The volume and diversity of the goods associated with the Uluburun and Cape Gelidonya ships make it unlikely that either was destined for one particular port or merchant, although it is possible that at least some of the prestige goods in the Uluburun ship were en route from one ruler to another, either as tribute or as part of a commercial venture. While there are many ancient references to shipments made and received on the basis of firm orders, as in the case of the cedar for Egyptian pharaohs, these ships should probably be seen as floating markets, tramping from port to port.

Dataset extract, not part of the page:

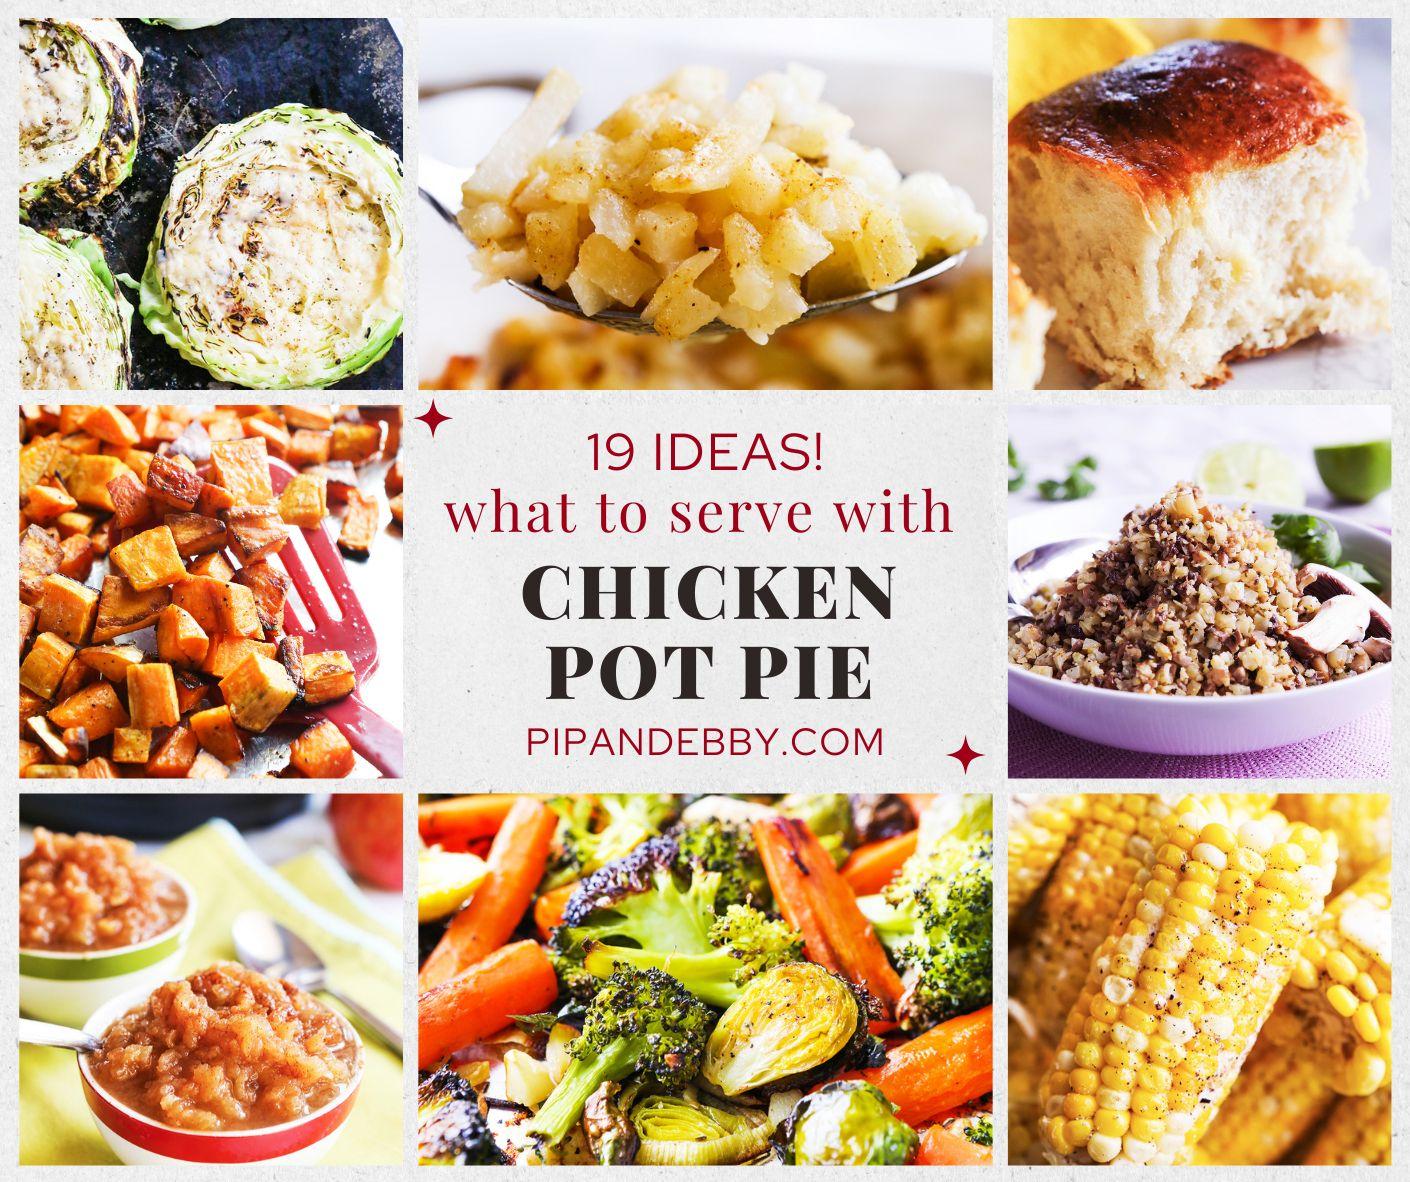 Six food photos in a grid with text overlay reading, "19 ideas! What to serve with chicken pot pie."

The Sea People and Warfare at Sea, 1200–1100 BCE
The loss of the Cape Gelidonya ships took place around the st
art of the Greek Dark Ages, a period of wrenching transformation throughout the eastern Mediterranean. The Egyptians blamed this upheaval on invaders they called the Sea People, a mix of tribes and other groups of uncertain origin who swept across the region in the thirteenth and twelfth centuries BCE fleeing before an overland migration of people equipped with iron tools and weapons moving southward from the Balkans and Black Sea region. By the time their force was spent, the political landscape of the eastern Mediterranean world had changed irrevocably. In Greece, Pylos and Mycenae were sacked and the ranks of the Sea People may have been swelled by Mycenaeans fleeing before them or following in their wake. The landlocked Hittite Empire of Anatolia was overthrown and countless smaller states were crippled by famine or civil war. Of the region’s major powers, only Egypt remained, although the pharaoh’s power no longer reached into Canaan and Syria, and his influence over Levantine ports was dramatically less than it had been.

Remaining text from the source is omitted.